- Education: University of Glasgow
- Known for: Research on developmental stress in songbirds
- Scientific career
- Fields: behavioural ecology, ornithology
- Thesis: Song and sexual selection in the sedge warbler (Acrocephalus schoenobaenus) (1997)
- Doctoral advisor: Clive Catchpole

= Kate Buchanan =

Australian scientist and academic

Katherine Louise "Kate" Buchanan is an avian behavioural ecologist currently working in Deakin University's School of Life and Environment Sciences. Her research focuses on investigating how sexual selection has shaped the evolution of complex songs in birds and ultimately how this is reflected in the evolution of the brain itself.

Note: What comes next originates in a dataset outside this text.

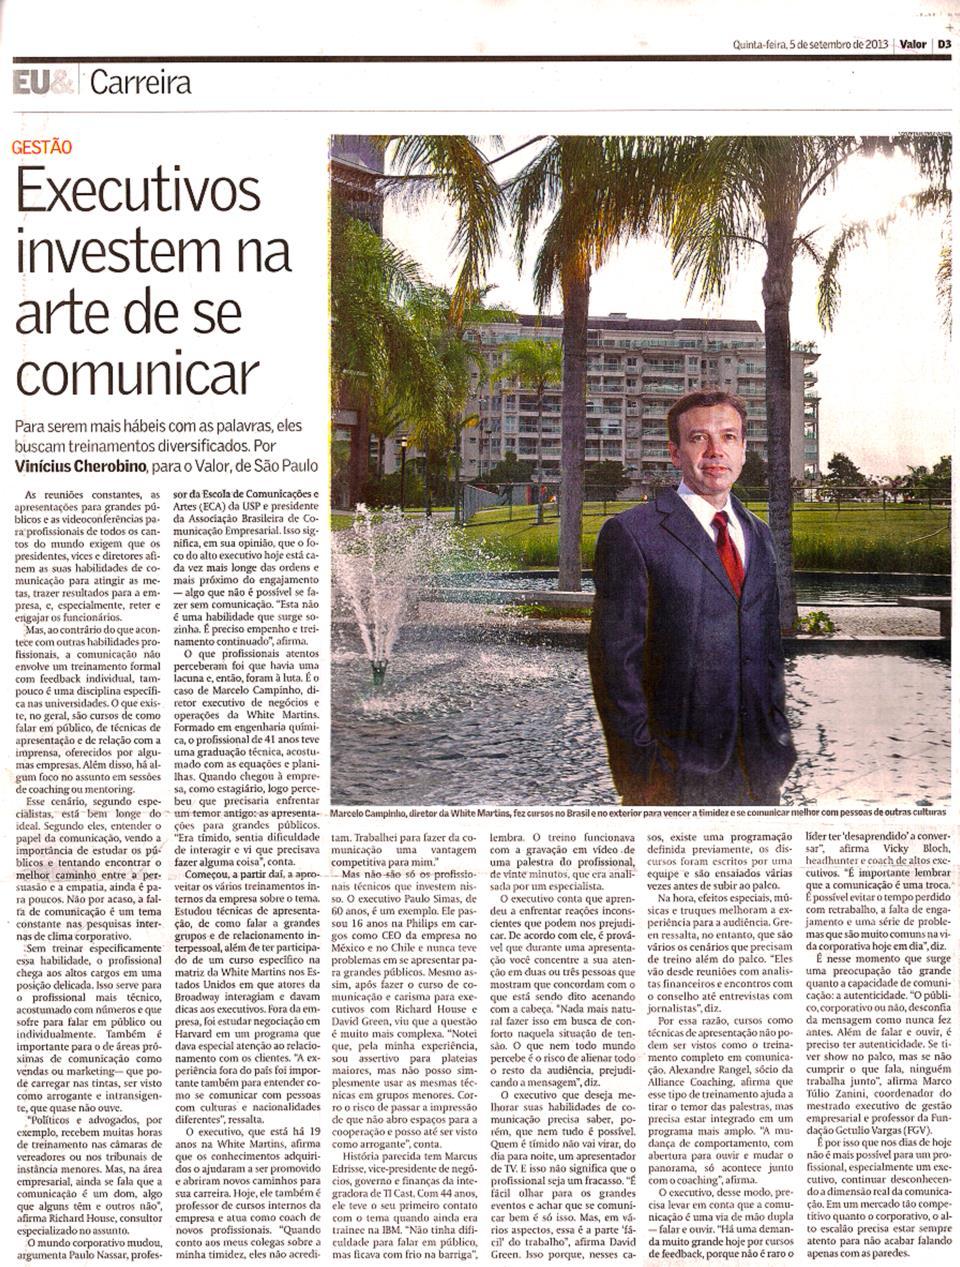 20130905 - Valor Brazil - article

==Education and appointments==
Kate Buchanan gained a Bachelor of Science in Zoology from the University of Glasgow in 1989 and a Doctor of Philosophy from Royal Holloway, University of London in 1997, working with Professor Clive Catchpole. After studying for two postdoctoral degrees at the University of Stirling, she was awarded a Personal Research Fellowship from the Royal Commission for the Exhibition of 1851 at Cardiff University. She was a lecturer at Cardiff University from 2003 to early 2008.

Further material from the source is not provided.